This depends on whether you plan to use cloth full-time or part-time. It can also depend upon the brand you use. The age of your baby will also determine how many changes per day you need. We can certainly help you if you chat to us regarding this.

As a guideline, we will recommend between 25-35 Nappies if this is your full-time choice, depending on your washing routine, aged of baby and lifestyle.

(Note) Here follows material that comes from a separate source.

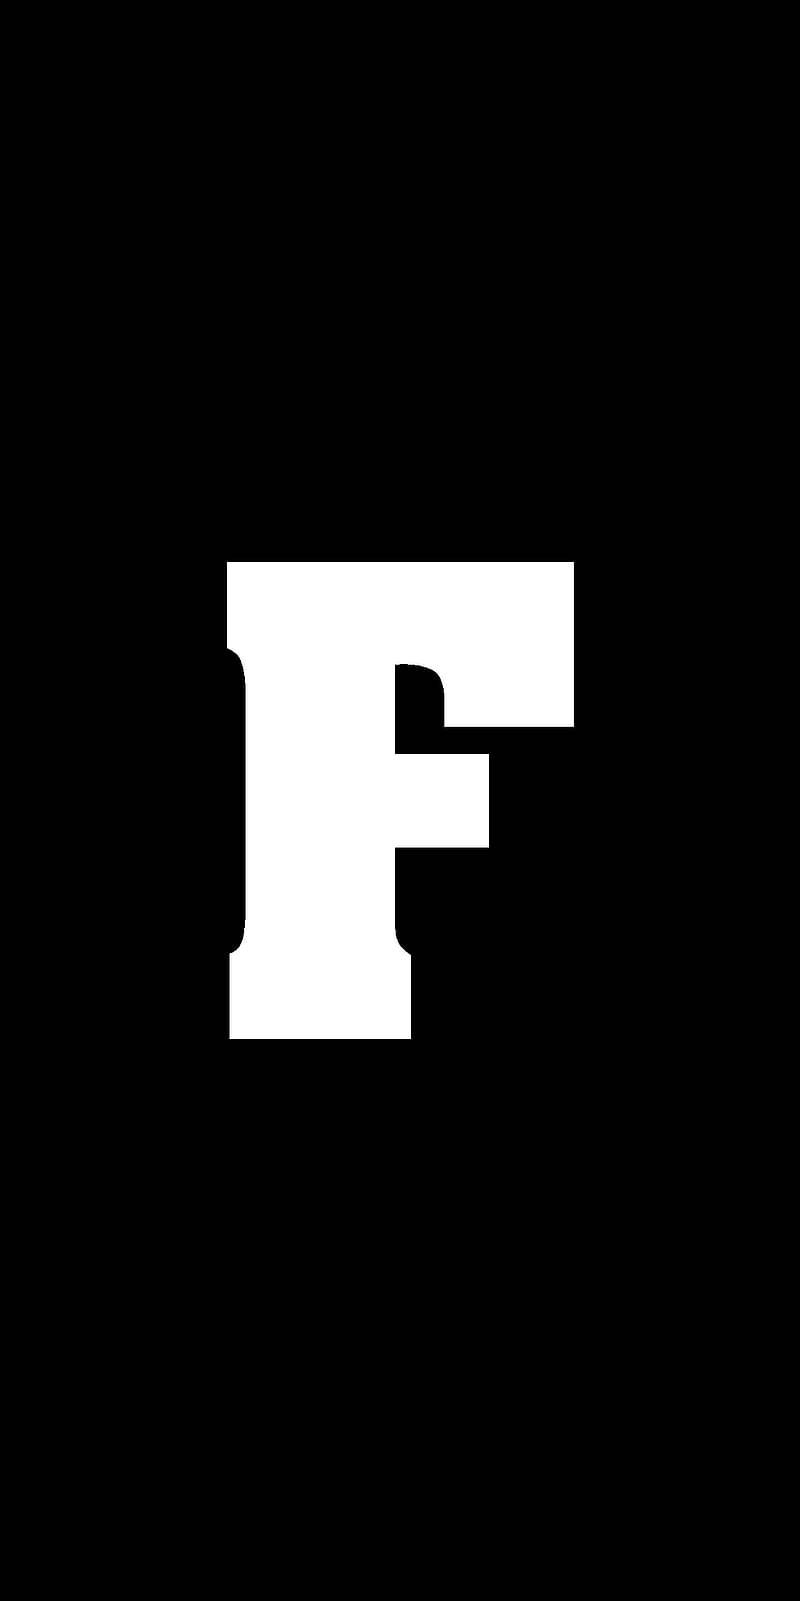 Monochrome Letter F Design

The amazing thing about dealing with us here at Morphing, is that we are just as invested as you are in finding the most workable and economical system for long term nappy use. So trust the passion we have in our own products.

What do you need to buy if using Cloth Nappies?

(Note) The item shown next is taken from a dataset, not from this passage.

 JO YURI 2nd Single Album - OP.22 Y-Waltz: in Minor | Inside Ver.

The Cloth Nappy Shopping List

Fitted Reusable Nappies (MCN’s)
15-30 if full time and depending on how often you want to wash
200 Nappy LinersOptional
Night Nappies or Booster Pads
6 – 8 Nappy covers
15-25 Cloth Baby Wipes
Manufacturer Recommended Detergent or pre-soak.
1 or 2 large nappy buckets
1 x small container for used nappy liners
1 x Nappy Change Mat/table for home
1 x Portable Change Mat and Nappy Bag for when out and about

What age do I start using cloth?

The newborn stage is a great time to start using cloth as it sets you up for eco-friendly parenting from the beginning and the best financial savings are to be had from day 1. Having said this, any age that inspires you to start is a good age.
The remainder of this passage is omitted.